An alternative embodiment of the cap of the invention is shown in figures 2 and 9 to 14. The cap comprises an inner cap part 26 and an outer cap part 28. Inner cap part 26 is made of a plastic material with low density, e.g. polyethylene or polypropylene,

so that threads 16 can be deformed to a certain extent and form a tight fit. An absorbent pad 34 sits in the upper part of the inner cap 26, and is held in place by means of a

locking ring 30 which is held locked in place behind an annular edge 50 around the inner surface of cap 26. Outer cap 28 sits on top of inner cap 26 and is attached to this by any suitable means such as e.g. vertical grooves 52 in the outer surface of cap 26 and vertical grooves 54 on the inner surface of cap 28, so that rotation of inner cap 26 relative to outer cap 28 cannot take place, and inner cap 26 can be attached to a container 10 by of a friction fit without threads.

Outer cap 28 is made of high-density plastic, e.g. polyethylene, polypropylene or polystyrene, which can be shaped or machined with small tolerances and give a more aesthetic appearance to the package. The porous head 20 of the applicator in Figure 2 is flatter than that in Figure 1, but absorbent pad 34 will fit the shape of head 20 regardless of design if it has a flexible design. If pad 34 is of a non-flexible material, it will be made to fit head 20.

Thus it is possible, by using a compound cap

where the inner cap is made of a soft plastic and the outer cap is made of a harder plastic, to achieve good sealing properties while achieving a nice external appearance.

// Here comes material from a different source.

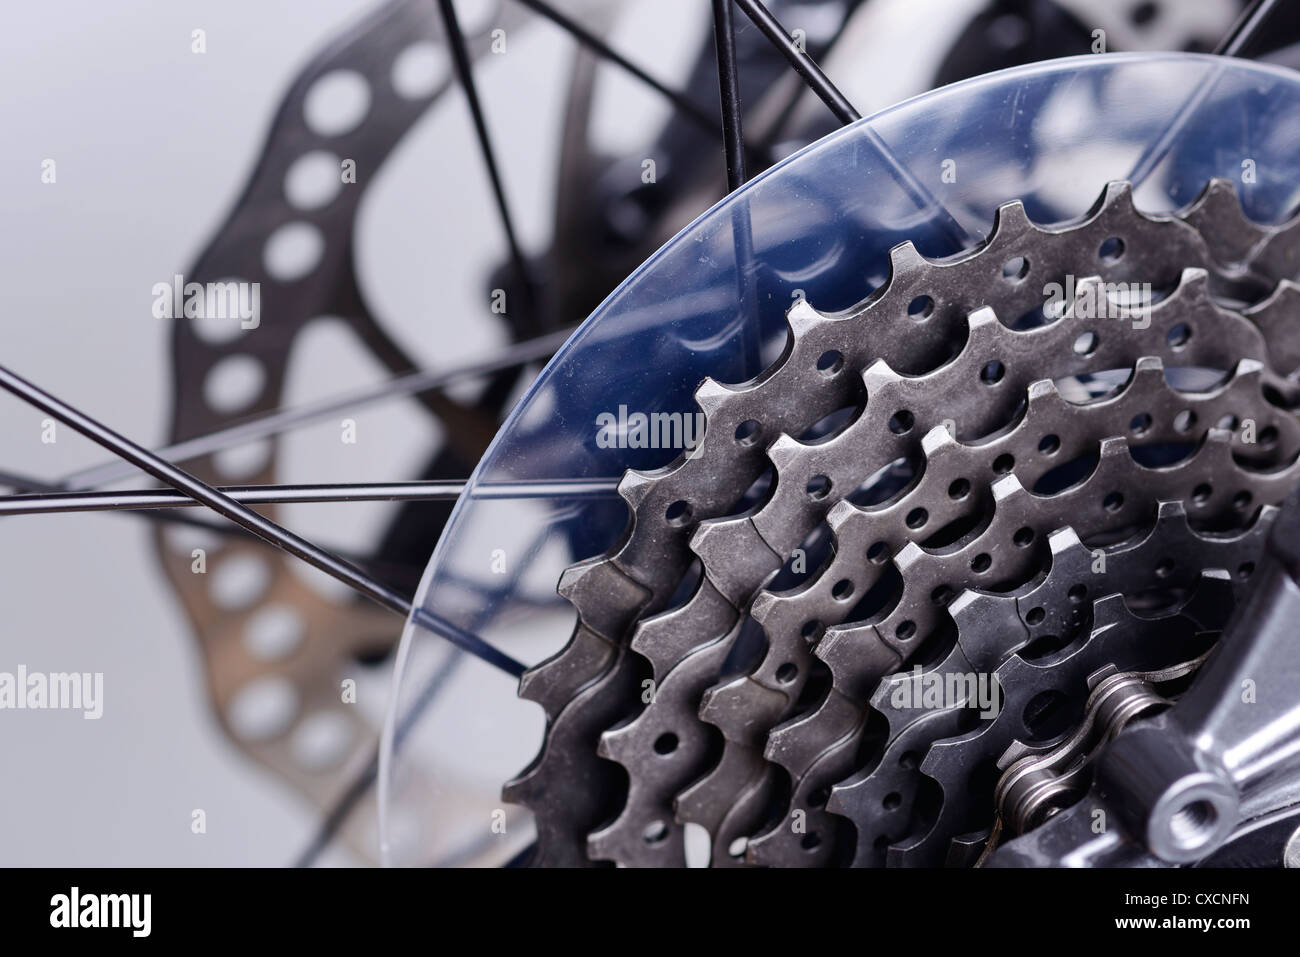 Close up detail of a bicycle rear gears and disc brakes Stock Photo

It may also be possible to loop the holding ring 30 for the absorbent pad 34, and hold the pad in place in the cap only by means of friction or by means of adhesives.

The composite cap according to figure 2 works in the same way as the one in figure 1, when it comes to preventing liquid leakage under all conditions.

Although the absorbent pad 34 is shown circular to fit within the cap, it can also have different shapes and still retain its function of holding the liquids and gases passing through the head 20. Pad 34 can e.g. be square, oval, many-sided or even ring-shaped with a central opening as long as it has sufficient absorption capacity.

Claims (6)

1. In combination with a liquid container with a porous applicator head, a liquid-impermeable sealing cap, characterized in that it is adapted so that it fits on top of said container, where said cap has an absorbent pad in its upper part, where said pad is positioned like this and has such such that it is in contact with a significant area of said applicator head when said cap is in place on said container. 2. Cap according to claim 1, characterized in that said cap is made of a plastic material and has threads adapted to said container. 3. Cap according to claim 1, characterized in that said pad is held in place by means of a ring inside said cap. 4. Cap according to claim 1, characterized in that said cap comprises an inner cap of low-density plastic material, said cushion within said inner cap and an outer cap of high-density plastic material in place outside said inner cap. 5. Cap according to claim 4, characterized in that said pad is held in place by an annular device within said inner cap. 6. Hood according to claim 1, characterized in that said absorbent pad is made of nylon fibre.